А  Б  В  Г  Д  Е  Ж  З  И  Й  К  Л  М  Н  О  П  Р  С  Т  У  Ф  Х  Ц  Ч  Ш  Щ  Э  Ю  Я  

 

Это час, когда казнят людей; час, когда труднее всего сопротивляться, когда все равно. Наверное, в этом заключено своего рода милосердие, подумал он, но для приговоренных, как и для любовников, рассвет приходит слишком рано.
ГЛАВА 17
Поверь мне, милый, то был соловей.
У. Шекспир. Ромео и Джульетта. Акт III, сцена 5
На следующее утро я встала рано, так рано, что цветы на деревьях еще густо покрывала роса и трава в саду сияла и блестела, как свежевымытый рассвет.
Готовя себе завтрак, я пела. Открыв заднюю дверь, я нашла у порога бутылку молока, а рядом прислоненный к ней сверток в коричневой бумаге и узнала аккуратный, чуть слишком старательный почерк. Я догадалась, что там: рекламные проспекты о Новой Зеландии. Я взяла их с собой на кухню, прислонила к молочнику и прочитала за завтраком.
Мне казалось, что желание уехать в Новую Зеландию уже давным-давно у меня на уме. Может быть, сама того не зная, я делилась мыслями о ней с Робом? Листая страницы, я определенно тут и там находила картины, казавшиеся знакомыми, и названия, вызывавшие отголоски в памяти. Я уже свыклась с мыслью об отъезде, о разлуке с Эшли – возможно, не совсем без сожаления, но и без того душераздирающего чувства невосполнимой утраты, которое еще вчера казалось неизбежным. Вероятно, я в такой степени была частью и произведением этого старого места, что не представляла себе жизни вне его; но теперь казалось, что я просто воздерживалась от решения его покинуть. И я чувствовала скорее облегчение, чем утрату. Если мой возлюбленный задумал бегство от старых уз, то ясно, что это был и мой замысел... Общность мыслей означает и общность желаний – как хорошо я это понимала!
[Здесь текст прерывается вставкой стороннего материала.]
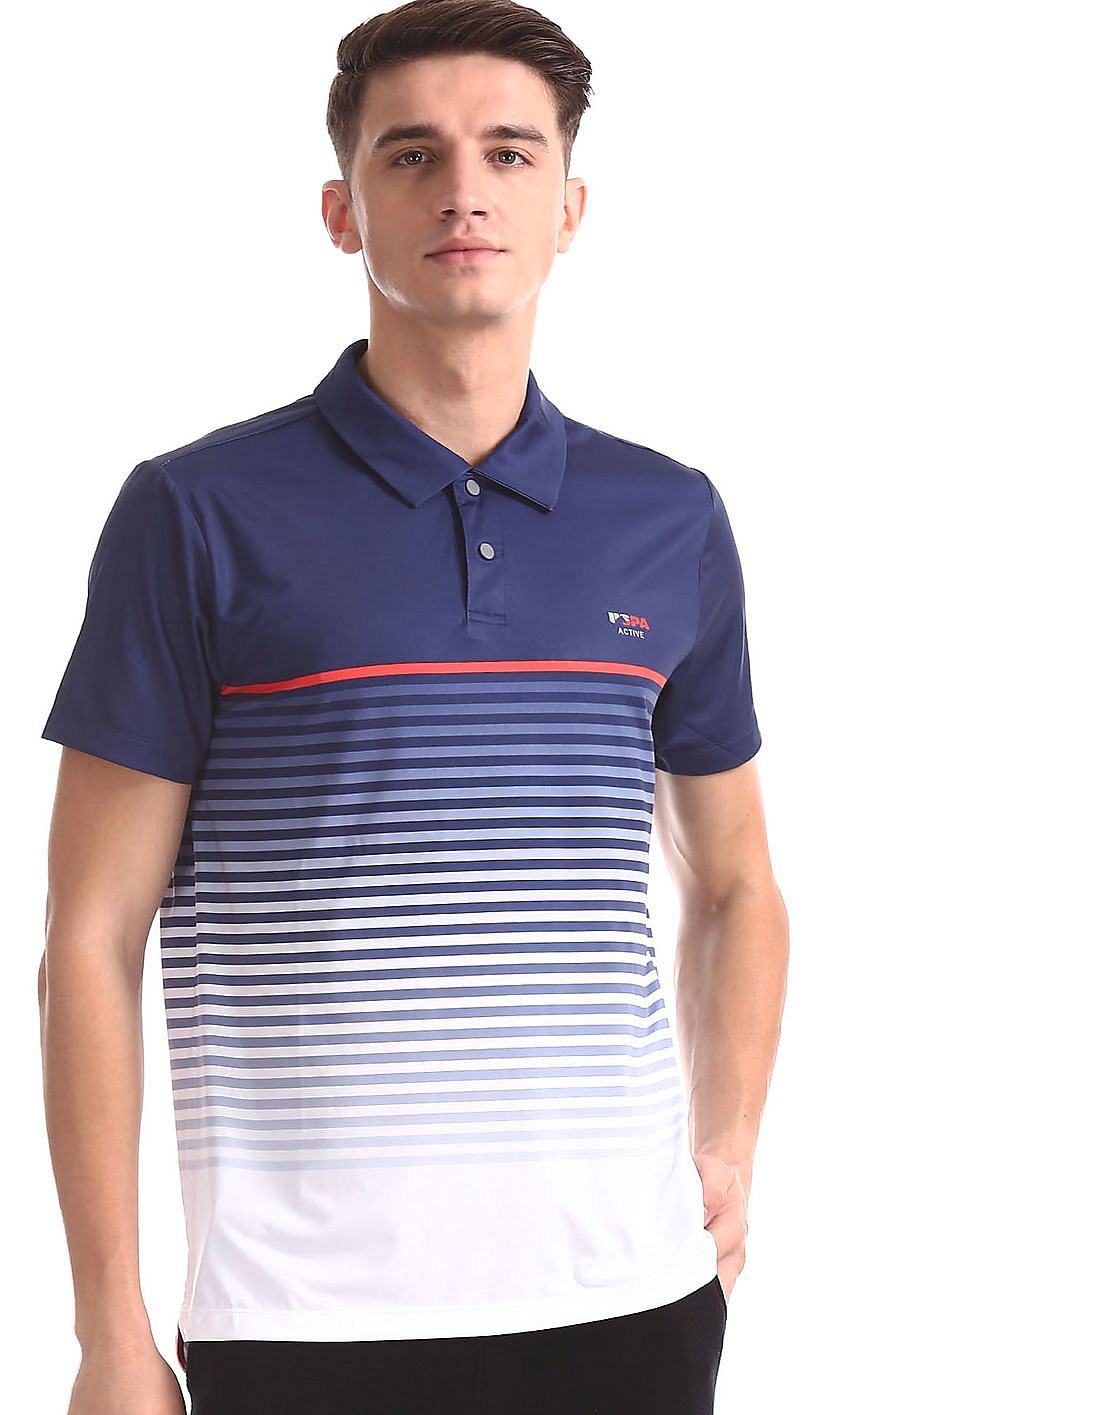 Buy Men Blue Striped Active Polo Shirt online at NNNOW.com

Теперь, узнав своего возлюбленного, я ясно видела причины его сомнений и колебаний, его отказ открыть себя столь долгое время. Возможно, он и теперь не решился бы открыться мне, если бы не смерть моего отца. Она оставила меня бездомной и одинокой – возможно, не беднее, чем была раньше, но уже без поместья Эшли. И это поставило меня на одну доску с Робом.
Теперь все стало ясно, и все действия моего возлюбленного тоже. В день, когда я пришла в церковь, это он ждал и высматривал меня, это его мысли и чувства я ощутила, и смесь облегчения и волнения, которое я приняла за чувство вины, теперь была понятна. А грубоватость, которую я приписала пораненной руке, могла объясняться тем, что он был беспомощным свидетелем моего свидания с Джеймсом. Роб не сомневался в нашей «общности», но мог сомневаться в исходе. И больше всего он боялся – и я понимала почему – моей первой реакции на открытие, что мой возлюбленный тайный друг – это всего лишь он, Роб, мальчик с фермы.
Но дело сделано, и вот мы здесь, и это ясное утро с его росой и утренним пением птиц не может разорвать паутину чар прошедшей ночи. «Завтра», – сказал он, а теперь это «завтра» превратилось в «сегодня», и уже не казалось, что впереди еще день.
– Роб, где ты?
Сигналы были ощутимо слабее, как от подсевших батареек. Я неуверенно шагнула к саду и получила ответ. Роб был в теплицах.
Приблизившись, я увидела его через стекло. Он стоял на высокой стремянке и чинил вентиляционную форточку. Увидев меня, Роб повернул голову и улыбнулся, но тут же опять неторопливо продолжил свою работу. Он казался таким же, как всегда, – как всегда, неторопливо и непринужденно он вставил отвертку в шлицу винта и стал закручивать его. Если бы я не почувствовала исходящий от моего возлюбленного поток возбуждения сродни разряду в тысячу вольт или около того, Роб показался бы мне безразличным. И мне не было нужды спрашивать, что сказал викарий: с самого завтрака я знала, что сегодня день моей свадьбы.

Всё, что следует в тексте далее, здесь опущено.